I have to tell you all that every Sunday, one of the most moving times for me in the service is when I come to each one of you and place the bread, broken for us, in your hands.  I always look at your hands—each pair of hands unique, shaped by the work your hands have done over the years.  Every week, I’m amazed all over again by your hands.  I’ve come to love your hands, because your hands, whether you know it or not,  tell me the story of how you’ve watched over people, how you’ve carried out God’s love in the world.   Your hands tell me about the sacrifices you’ve made in your lives. 

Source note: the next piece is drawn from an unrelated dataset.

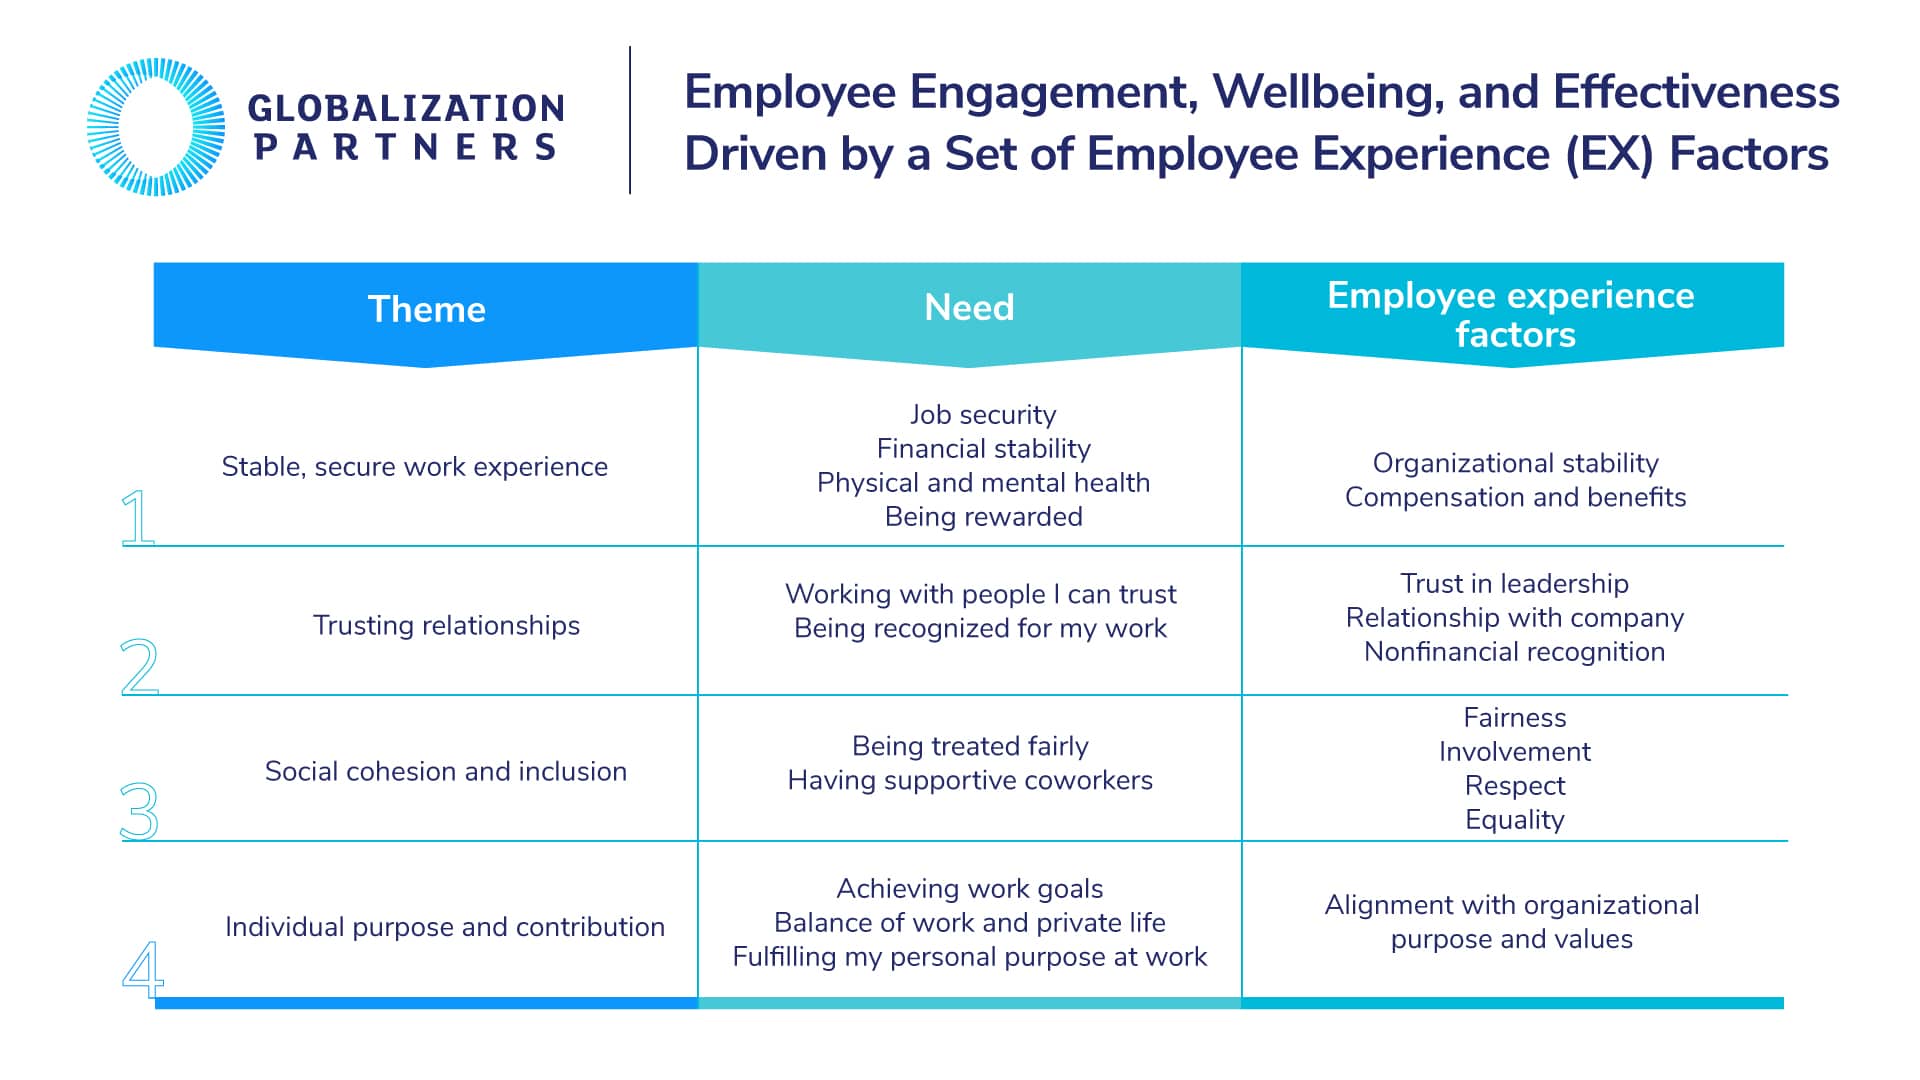 Graphic of Employee Engagement, Wellbeing, and Effectiveness Driven by a Set of Employee Experience (EX) Factors

Today I went to Culpeper to a service with Bishop Shannon.  In this service we priests renew our vows and remember that we are servants, and in this service, Bishop Shannon blesses the oil that we will use this year in our ministries. 

So tonight, instead of washing one another’s feet, I’m going to wash your  hands, and then I’m going to anoint your hands with this oil. 

And then I’m going to bless your hands as a reminder that God watches over us and blesses us because God loves us.  And God wants us to go out from here to love and serve others , not just with our hands and our feet, but with all we have to give, as sacrifices that do not lead to death, but  to praise and thanksgiving and life giving service.   

Amen. 

Resources:  The Washington Post, March 1, 2013

The People’s New Testament Commentary, M. Eugene Boring and Fred B. Craddock, Westminster John Knox Press, 2004.